Сегодня музыка пролилась из твоего облака в мои раскинутые ладони. Я оставляю на столе отпечатки пальцев, которые мечтают перелистывать страницы толстых колод ценных в этом мире бумаг, а способны перелистывать лишь сочетания нот и звуков на гитарных струнах. Отпечатки пальцев на струнах полуакустической Gibson Lucille. Я оставил бы их без сожаления. Отпечатки голосовых связок в твоих головных телефонах. Каждый извлеченный мною звук обречен навсегда поселиться в твоих головных телефонах. В полости моего рта лежит язык, обреченный шевелиться для заполнения пустоты в твоих головных телефонах. Я не шучу. Я существую. До тех пор, пока мой голос является содержимым твоих головных телефонов. off. tv. on. off. I will.
Автомобиль с открытым верхом мчится по горной дороге сквозь чистый горный воздух, карабкается вверх. Находясь в его салоне, ты чувствуешь себя на месте. Представив это, ты нуждаешься в материализации представленного, твой организм стремится на горную дорогу с чистым горным воздухом. Поднимая поочередно то правую, то левую ногу на колено, чтобы от холодного пола, застеленного линолеумом, замерзали не обе ноги одновременно,– ты проносишься сквозь чистый воздух по горной дороге в салоне автомобиля с открытым верхом. Все выше и выше. Иллюзия превращает тебя в зависимого индивидуума. Зависимость становится формой твоего существования, набор зависимостей определяет его содержание. Ты. Я. Стрела, пущенная человечеством в цель, которой является благополучие, максимум комфорта при максимуме прилагаемых усилий. Ты – стрела, которой… Стрела, пущенная человечеством в цель, стрела, которой противнее всего ощущать себя стрелой, пущенной человечеством в цель. Такого рода ощущения делают тебя слишком тяжелым, чтобы быть стрелой; пуская стрелу, чел-во превращает тебя в камень. Камень, летящий в цель стрелы. Из out-сайдеров в out-лайнеры.
Интересы и их наличие. Мегаполис в письменном оазисе, белые облака на голубом небе, проплывающие над головой Томми со скоростью автомобиля с открытым верхом, несущегося сквозь чистый горный воздух. Настольная лампа над листом писчей бумаги формата А4, вычеркнутым из рядов белой армии. Открывая дверь комнаты, завяжи узелок на ручке двери и не отпускай нитку до тех пор, пока не будешь уверен, что возвращаться в комнату нет желания. Тогда разожми пальцы, оставив их отпечатки на брошенной нитке, раскинь руки и беги по склону холма, ощущая теплыми ладонями, как влажная после ночного ливня трава, растущая до плеч, оставляет следы на отпечатках твоих слов, заполняющих пустоту в ее головных телефонах.

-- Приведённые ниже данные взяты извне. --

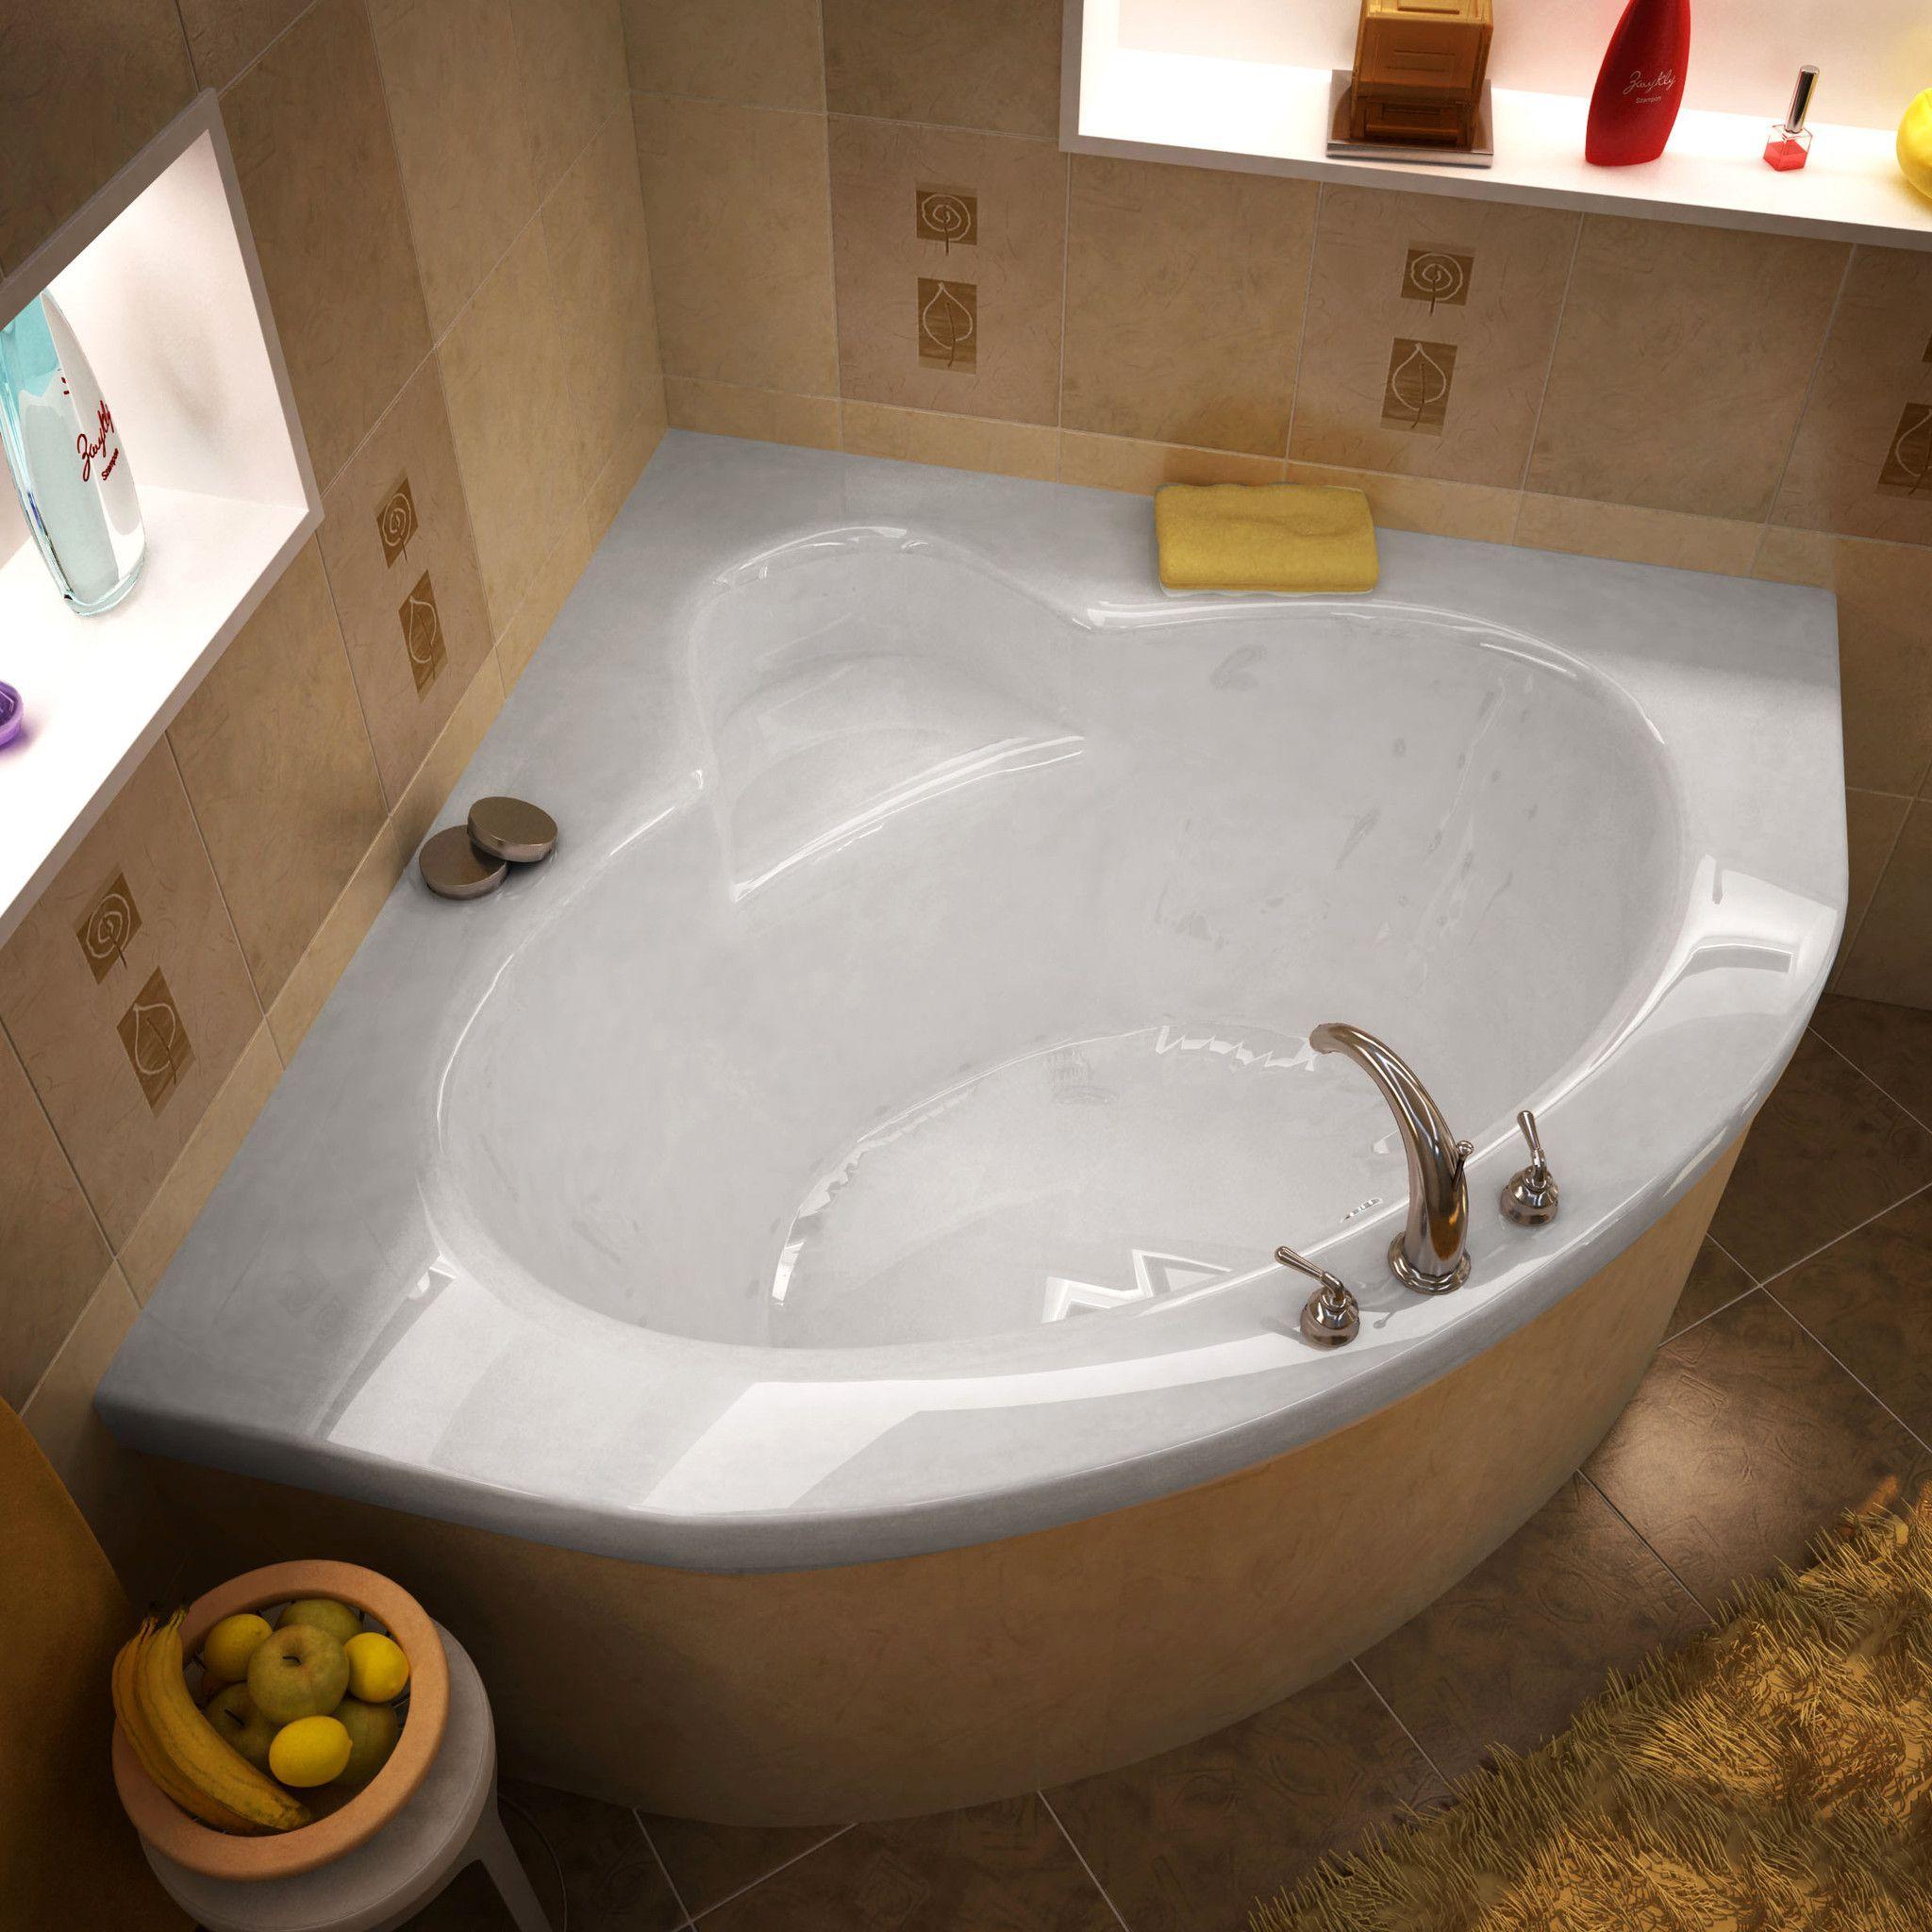 Atlantis Whirlpools 6060A Alexandria 60 X 60 Corner Soaking Bathtub
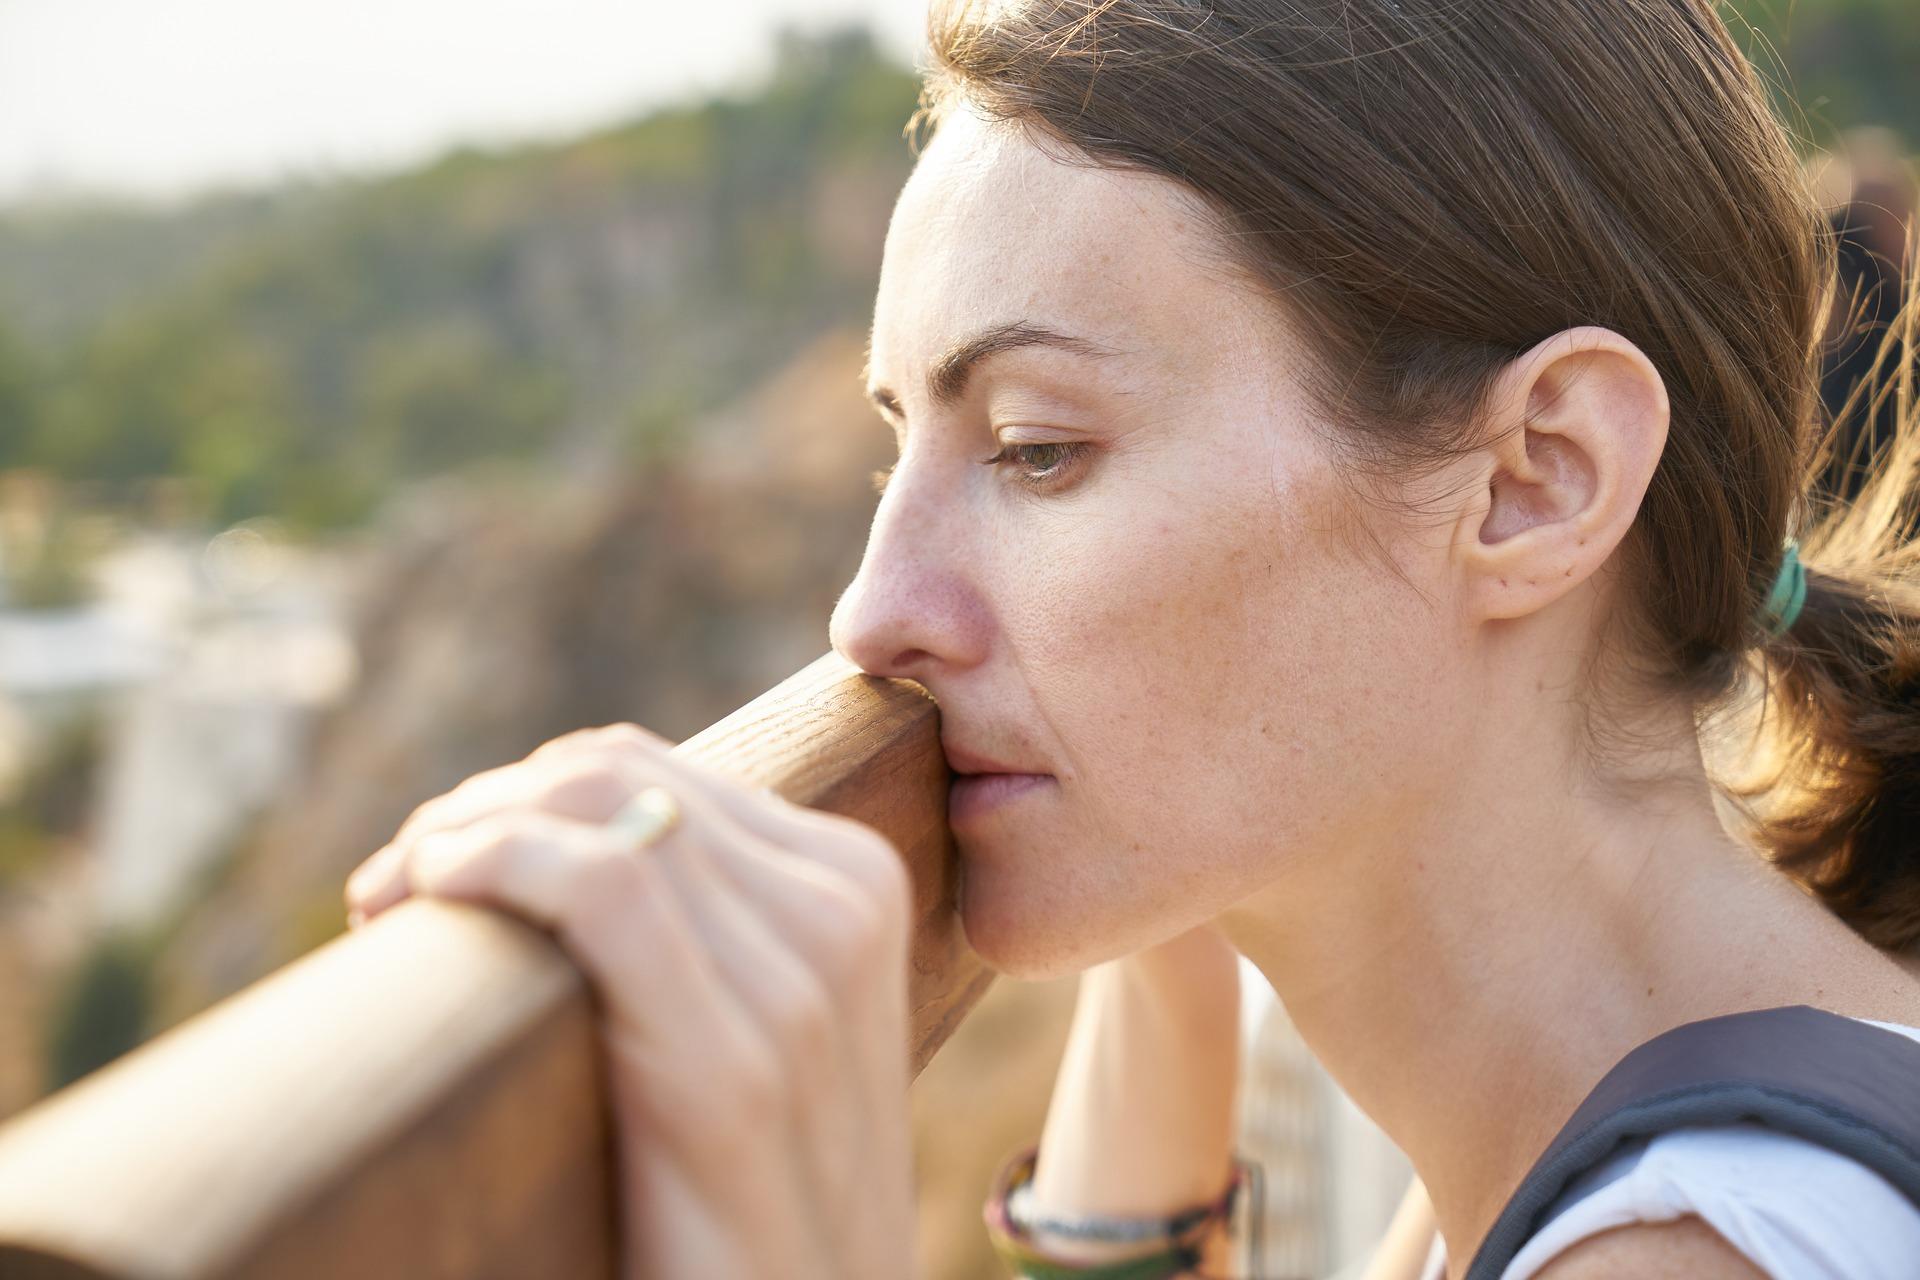 goitrogens-thyroid-blockers-or-harmless

…Томми открыл глаза. Длинная вереница взаимопереходящих друг в друга звуков все нарастающей громкости оказалась ниткой, которую он привязал вчера к ручке двери, уходя из комнаты. Нитка вела за пределы сна. Когда рингтон вибрирующего на полированной глади письменного стола мобильного телефона повторился третий раз подряд, Томми открыл глаза. Как же тяжело отражать этот свет хрупкой роговицей. Томми, ты всего лишь невыспавшаяся птица, забывшая перед сном отключить будильник. Тепло, накапливаемое всю ночь под одеялом благодаря твоей неподвижности, испаряется после двух-трех движений. Из-под одеяла появилась рука. Ловким движением слепца она ощупала местность и двинулась к столу в поисках источника звука. Накрыв добычу, паук ладони быстро возвращается в нору. Звуки стихают. Мягкая вселенная теплых снов вновь к вашим услугам. Томми стоит на вершине холма, принимая ветер на себя. Сон Энтерпрайз. Непонятные слова с необъяснимым значением, вставая в один ряд одно за другим, обретают силу невыразимой истины, до которой дотянуться не хватит рук. Приготовься, вся эта чудная игра скоро прекратится. Словно ныряльщик, поднимающийся из глубины голубой бездны глотнуть воздуха, ты проснешься, проглотив первую за сегодня порцию дневного света, который отличается от света в твоем подсознании своей натуральностью и прохладой. Каким-то образом ты уже знаешь, что должен делать в следующий миг. Процедура внесения свежести в полость рта путем заученных движений правой руки, держащей зубную щетку от Колгейта. Томми глядит в квадрат стекла с амальгамовым покрытием на обратной стороне. Таким образом Томми получает информацию, дающую ему представление о его внешности.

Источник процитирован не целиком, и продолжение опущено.